§ EXERCISE PROMPT: Beneath this line sits some data. Return only its lines from the one holding "Everlane Light Grey Sweater" through the one holding "open vpn tunisie telecom concours", inclusive, exactly, with the images removed.

§ ENTRIES SHOWN:
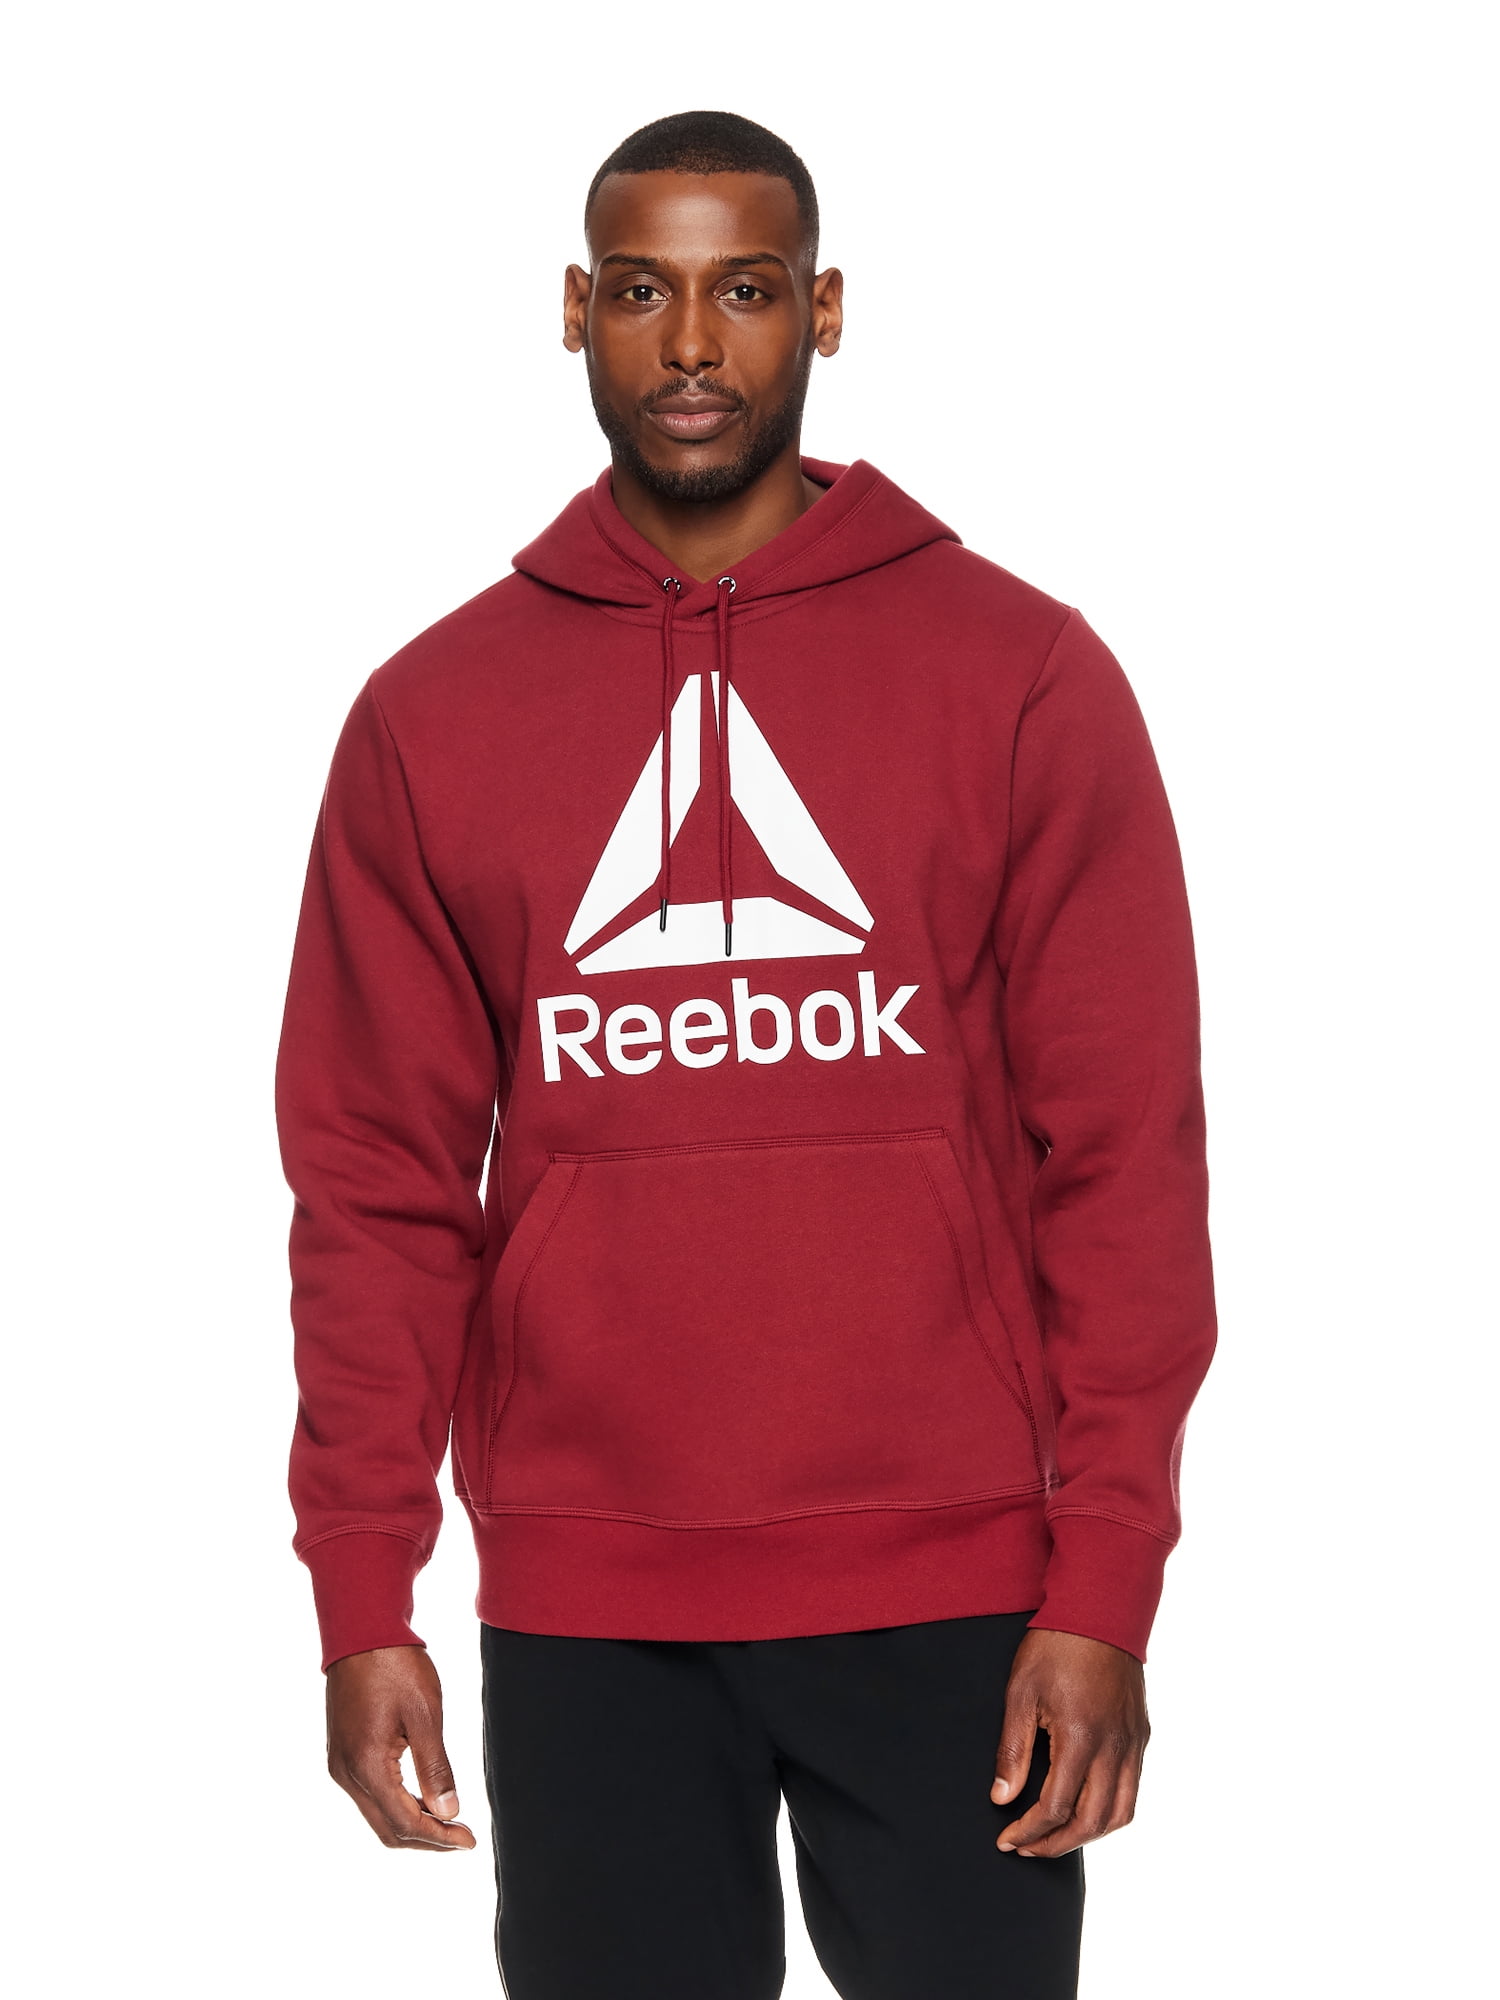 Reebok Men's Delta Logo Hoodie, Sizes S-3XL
---
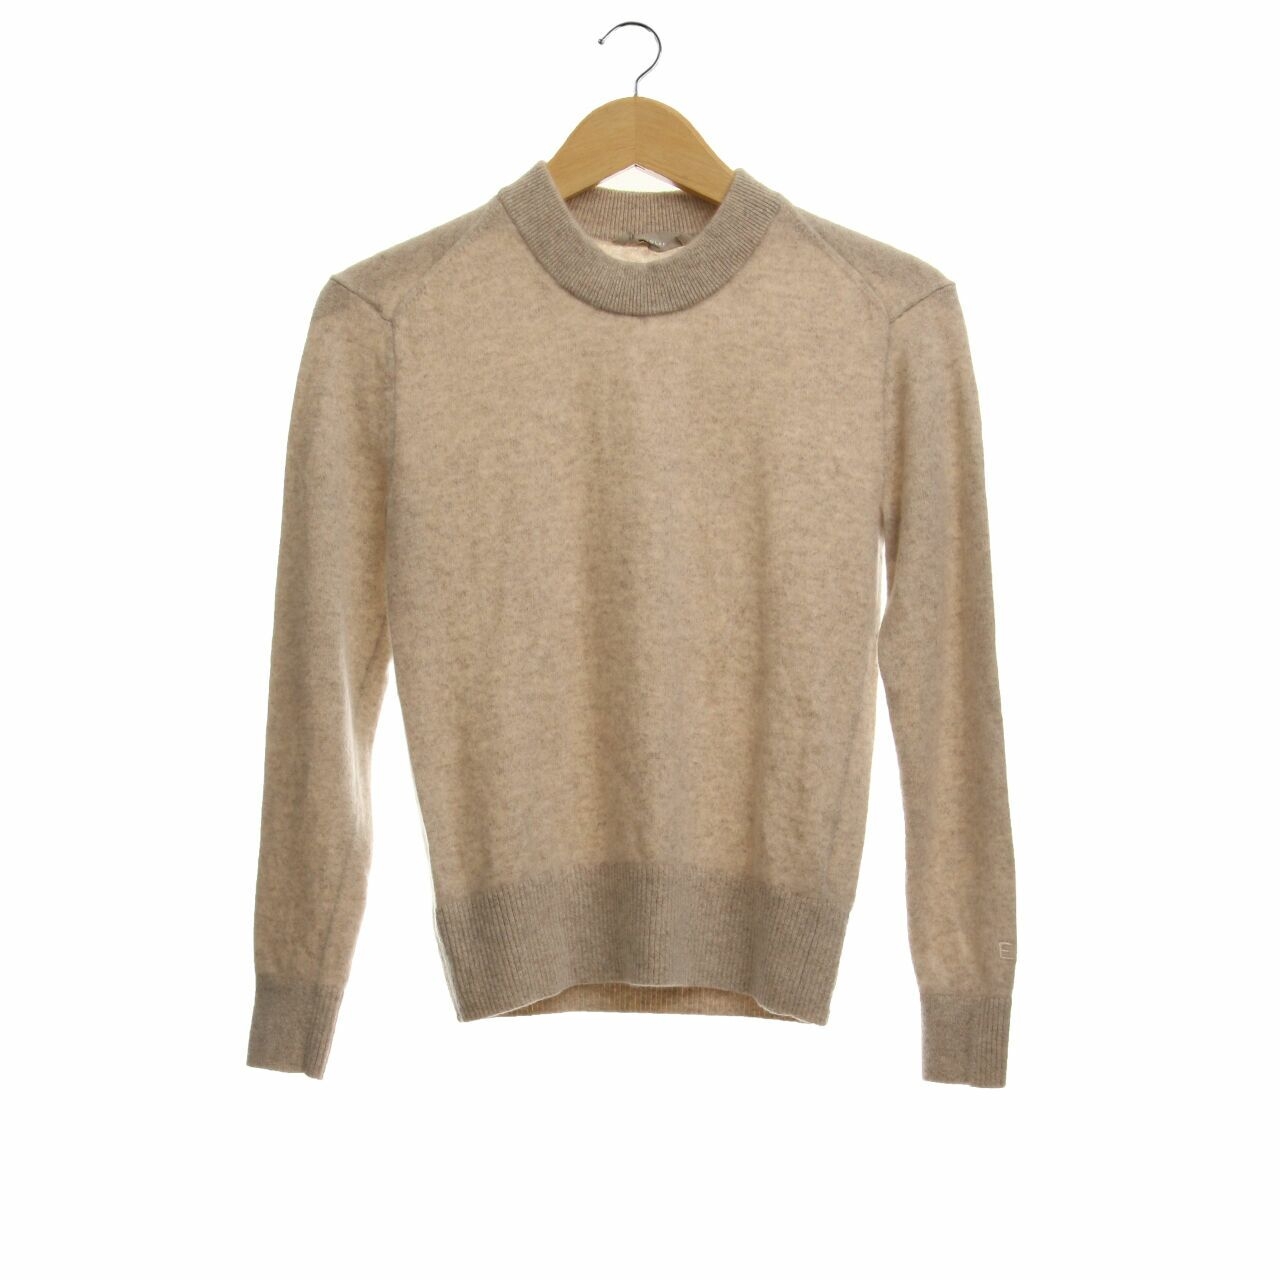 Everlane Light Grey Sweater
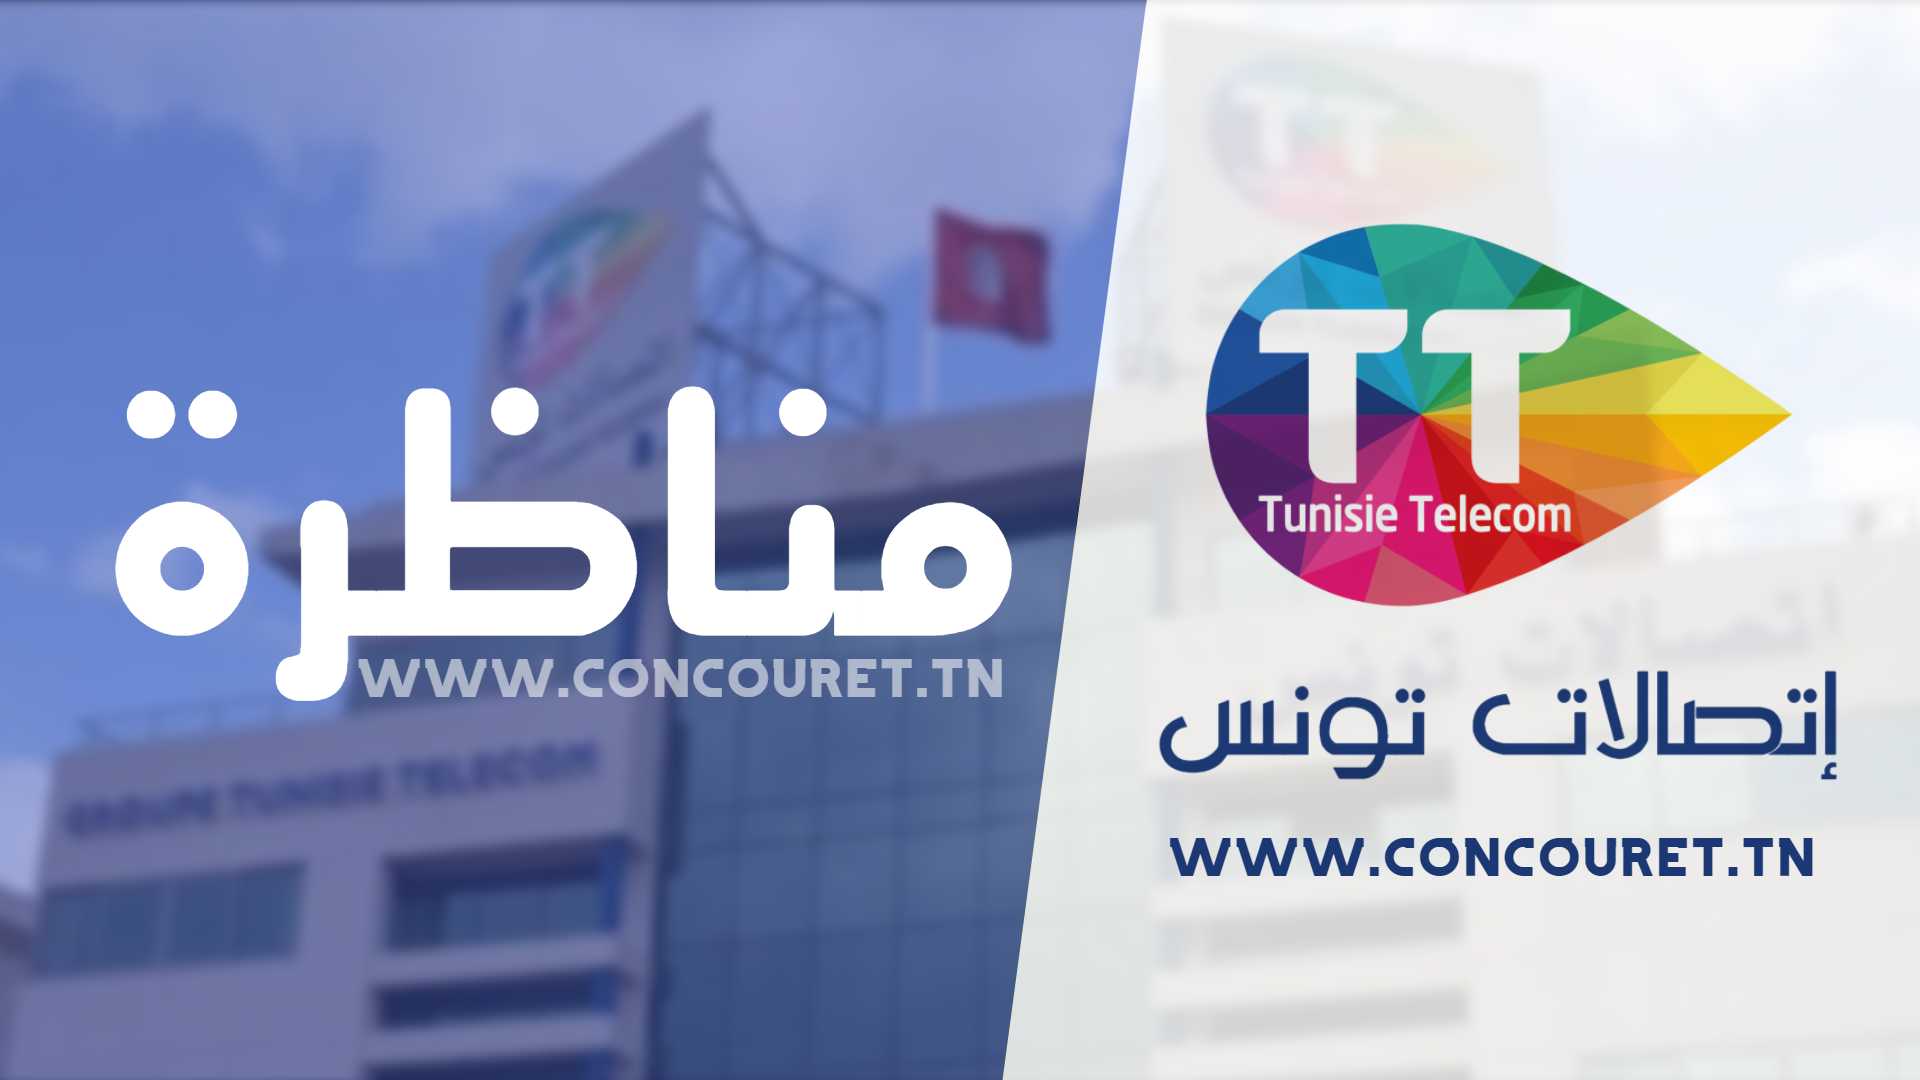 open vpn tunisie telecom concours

§ WRITTEN REPLY:
 Everlane Light Grey Sweater
 open vpn tunisie telecom concours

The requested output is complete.